Required work: The exercise calls for exact output of the lines between the one that contains "Magical Disney Sleepwear" and the end of the data, with both ends kept and pictures left out.

Recorded data:

________

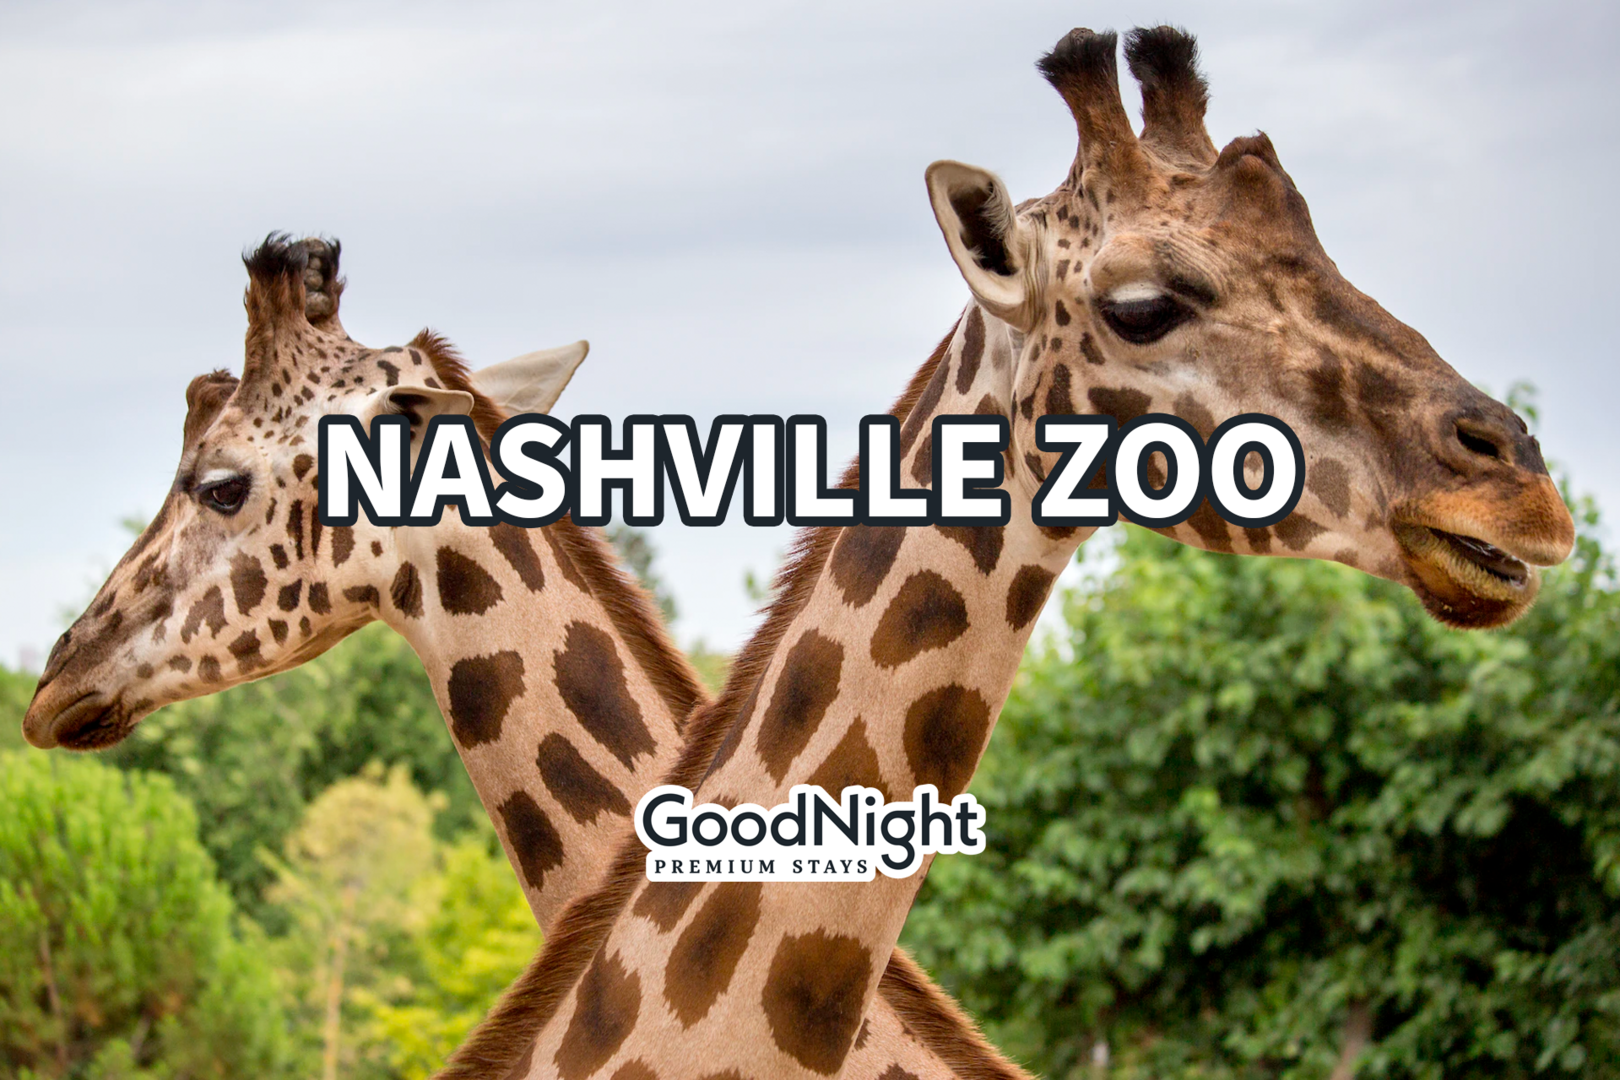 8 mins: Nashville Zoo
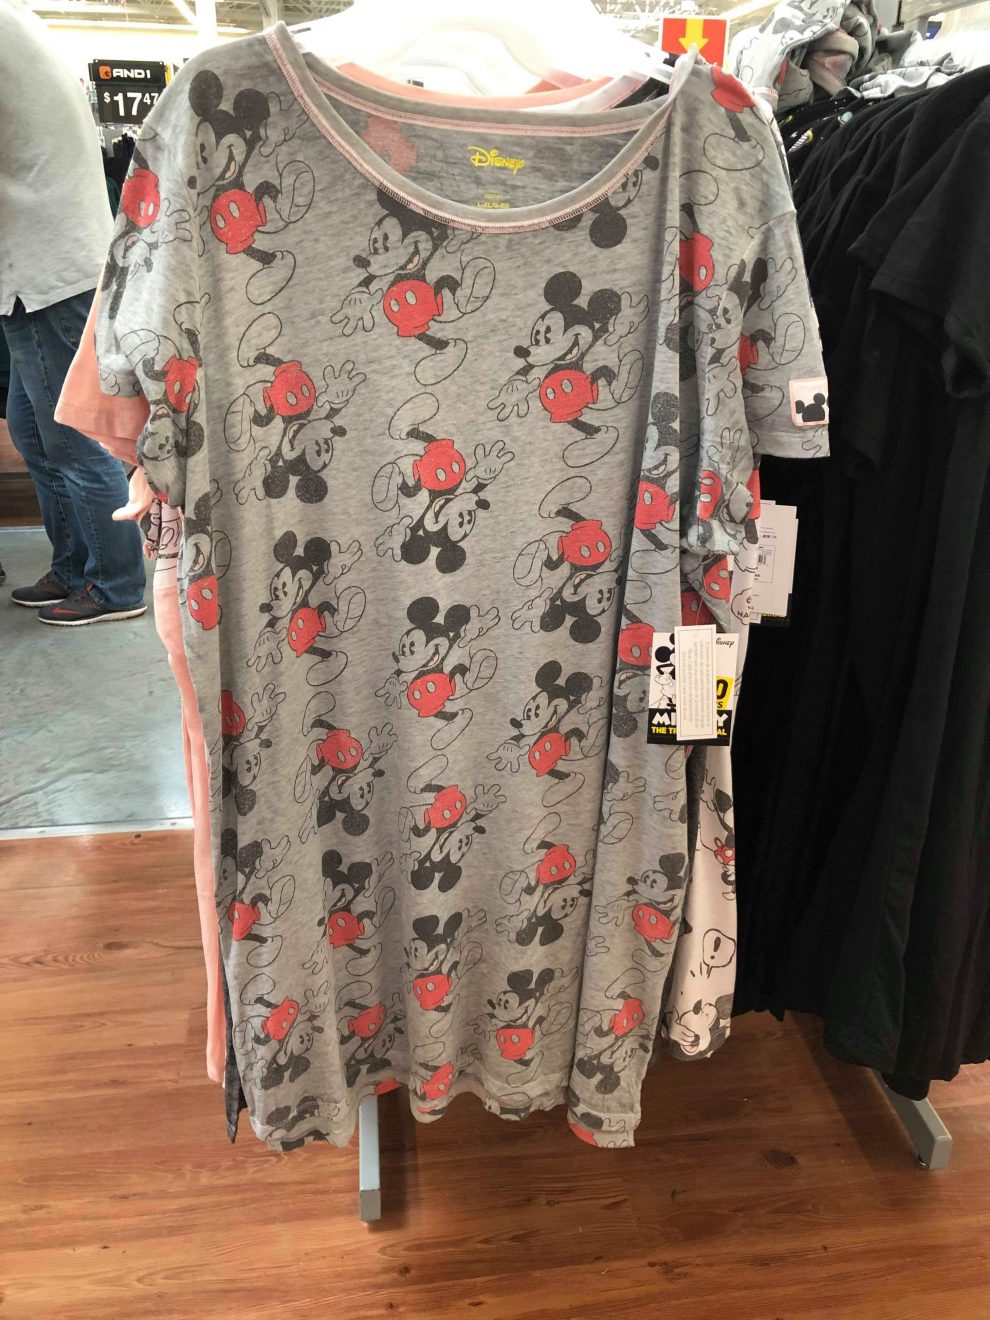 Magical Disney Sleepwear Has Arrived at Walmart! - Fashion
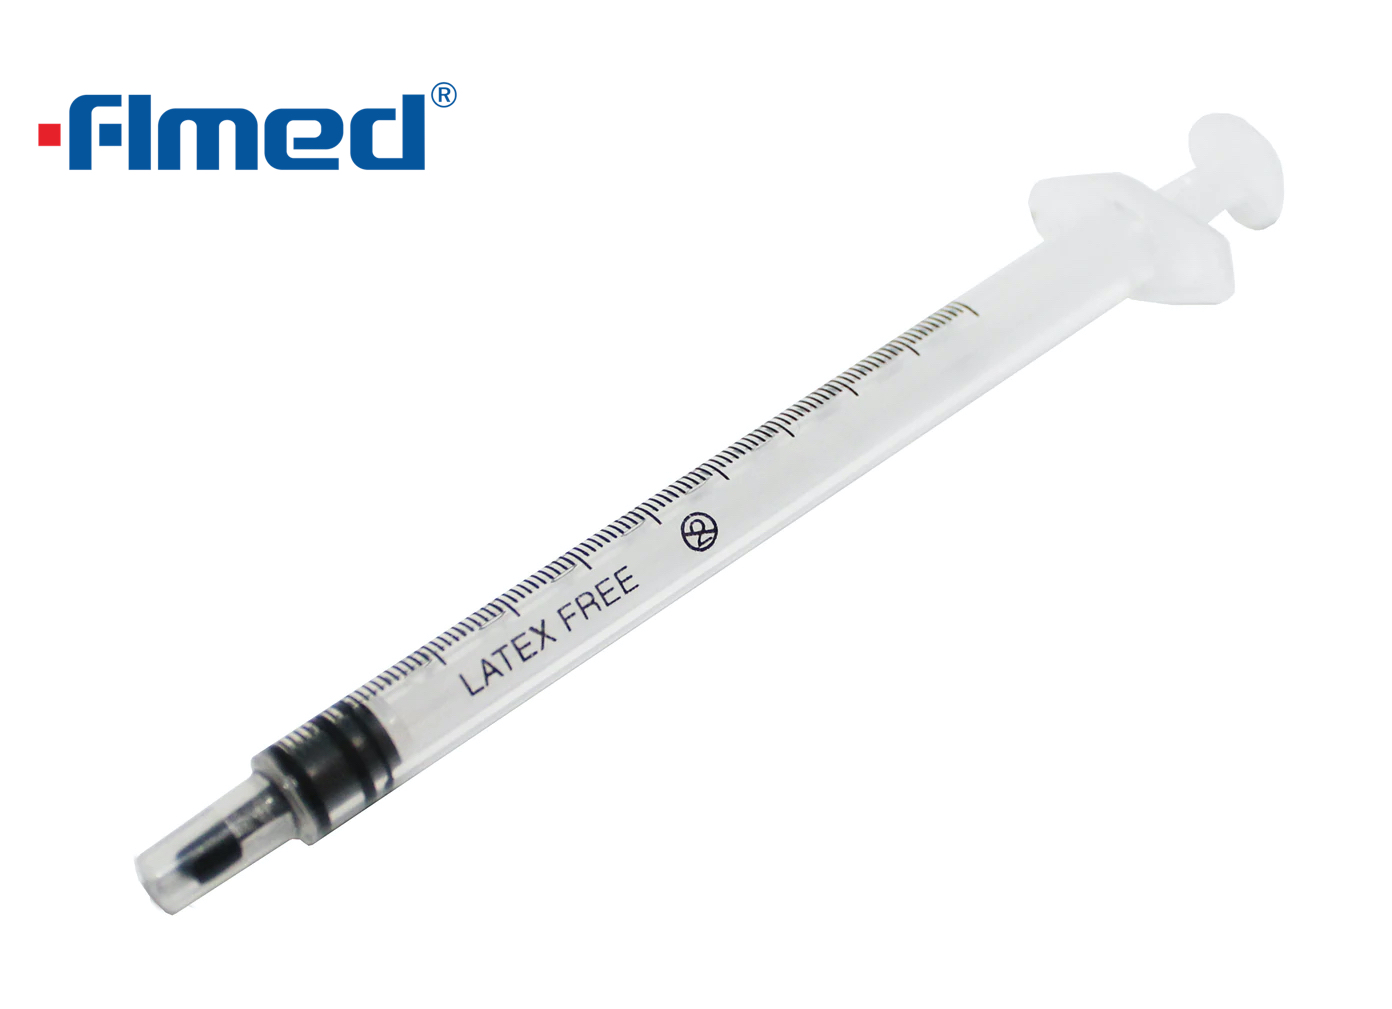 1ml Syringe With 25G Hypodermic Needle

________

Solution for this task:
 Magical Disney Sleepwear Has Arrived at Walmart! - Fashion
 1ml Syringe With 25G Hypodermic Needle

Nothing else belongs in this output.